А.Г. Чем, по-вашему, вызван такой дисбаланс?

В.К. Я могу отделаться общей фразой, что пространство вообще находится на периферии современной культуры. Современная культура хроноцентрична, она работает со временем, она вырастает из времени, она считает время. Это, во-первых. Во-вторых, тут есть такая парадоксальная вещь. Сама культура, и в частности государство, и особенно государство бюрократическое, чрезвычайно сильно выражает себя в пространстве. И в этом смысле современное общество и современное государство беспрерывно работает с пространством, и оно не нуждается в критике – и даже просто взгляде – со стороны.
В этом смысле география современному обществу, причем обществу любому, практически ведь не нужна; общество само знает – вернее, считает, что знает – все, что ему нужно. География занимает свое место в системе наук по одной-единственной причине – только потому, что по традиции география является школьным предметом. Это видно хотя бы по тому, скажем, сколь мало географов привлекались к профессиональным работам, когда распадался и распускался Советский Союз. Мы видим огромную плеяду экономистов, большую плеяду правоведов, которые пришли во власть, принесли профессиональные представления и начали проводить какие-то акции, неважно – удачные или неудачные.
В то же время стремительно перестраивалось все пространство Северной Евразии, частью которого был распад Советского Союза. И я рискну сказать, что географы не привлекались, а если и привлекались, то только для обслуживания уже принятых решений. Грубо говоря, в 1989 или в 1990 году никто не спросил географов, распадется ли Советский Союз, тогда как профессионалы – немногие, правда, – понимали, что процесс зашел так далеко, что его уже даже бессмысленно останавливать. В 1989-1990 году, на мой взгляд, уже было понятно, что происходит и что произойдет. Хотя бы потому, что Советский Союз был очень четкой пространственной конструкцией. И эта конструкция была более или менее известна профессионалам – немногим профессионалам, но известна. Но мы, по-моему, немножко уклонились от темы культурного ландшафта.
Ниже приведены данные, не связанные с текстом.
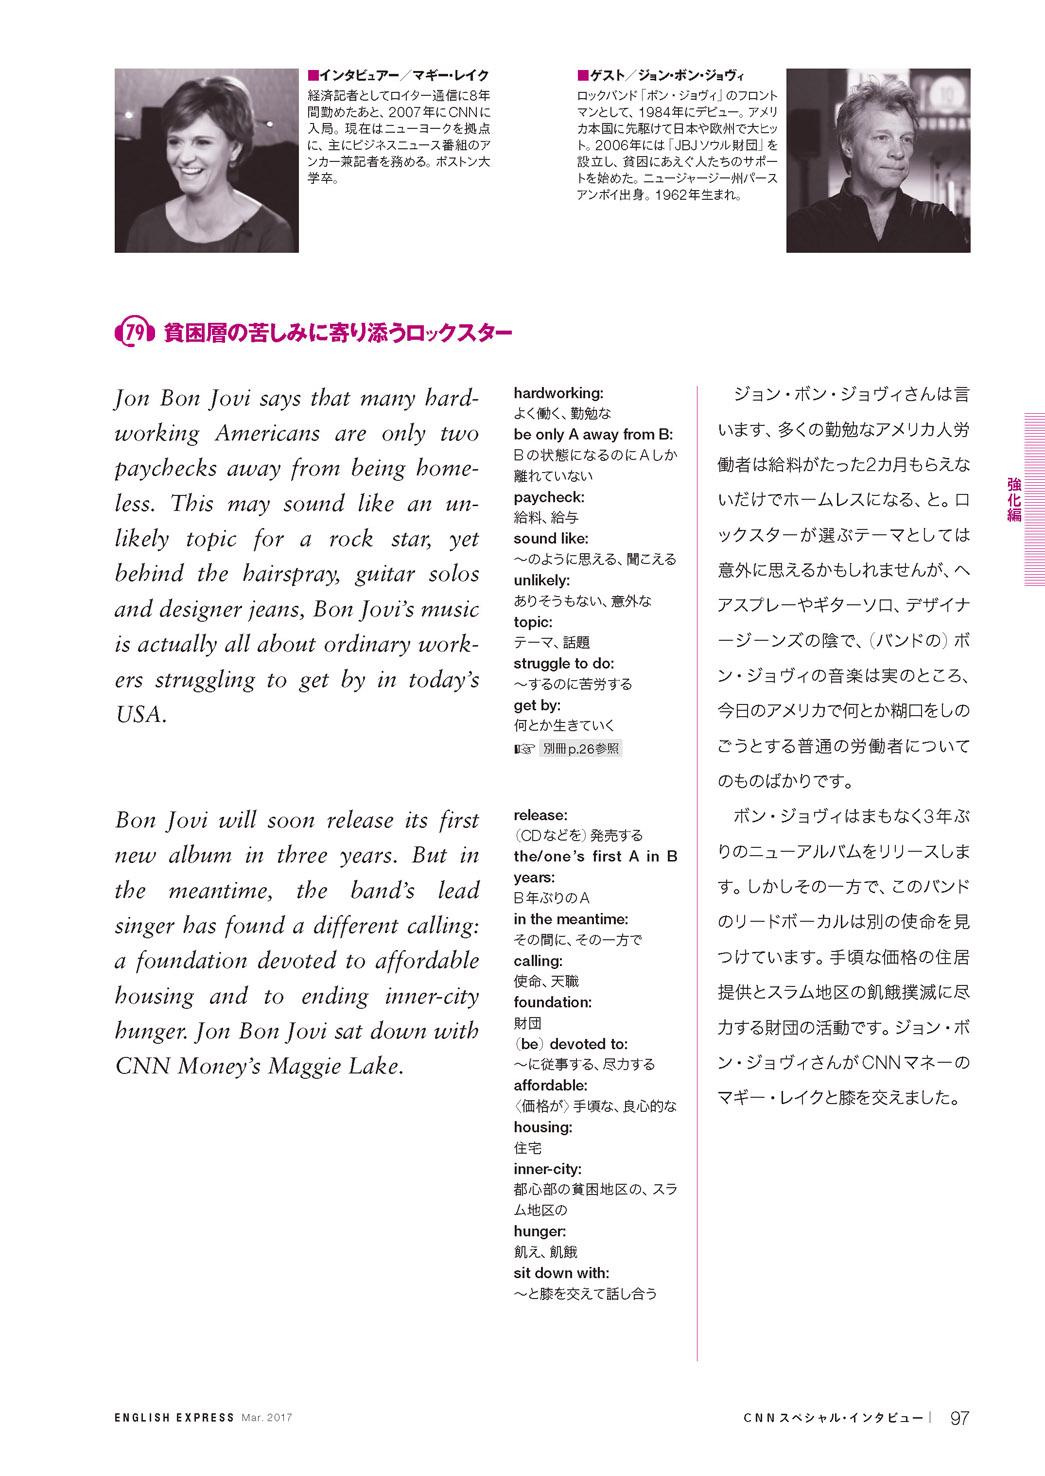 "◆CNNスペシャル・インタビュー#br#貧困層を救う「ロック」な方法 ジョン・ボン・ジョヴィ#br#》》音声試聴は<a href=""mms://016.mediaimage.jp/asahipress/ee1703b.wma"" class=""txt1158b0"">こちら</a>をクリック!"

А.Г. Да нет, не уклонились, потому что очень странно слышать это в стране, которая когда-то занимала одну шестую, сейчас, наверное, одну седьмую часть суши. В стране, которая самая большая по территории, в стране, которая самая северная по территории, и самая холодная – если не самая северная, то самая холодная. Казалось бы, что здесь-то географ должен быть царем и богом. Это отсутствие традиций или?...

В.К. Строго говоря, я не очень понимаю, в чем тут дело. Во-первых, не приходится говорить о традиции, география очень молодая. Хотя мы, географы, занимаемся примерно теми же вещами, которыми занимался Страбон, мы изучаем те различия мест, которые признаются культурно значимыми. В этом смысле география ничем не изменилась. А академическая география очень молодая, ей нет двух столетий.
До революции, конечно, она занимала гораздо большее место, но в основном, посредством Императорского Географического общества, которое само было очень видным научно и общественно. Но что интересно, география тогда обслуживала внешнюю экспансию, все эти замечательные, выдающиеся в профессиональном отношении экспедиции, вроде экспедиций Пржевальского, который был блестящим генштабистом, кстати говоря. Я видел собственноручно составленные им карты. И очень интересно, что он характеризует территорию нынешнего Китая с точки зрения возможности прохождения войск. Он говорит – "безводная местность, нет колодцев, враждебные племена должны быть истреблены передовыми отрядами; потом там территория, где есть песчаные бури". То есть он рассматривал весь материал ландшафта с одной как бы точки зрения.
А что касается внутреннего устройства государства российского, географы никогда не занимали никакого места. И я, кстати говоря, не уверен, что для науки это плохо.

А.Г. Вернемся к ландшафту. Как вы отслеживаете, формулируете, может быть, обратную зависимость человека от ландшафта? Не от культурного ландшафта, а от того, который стал культурным.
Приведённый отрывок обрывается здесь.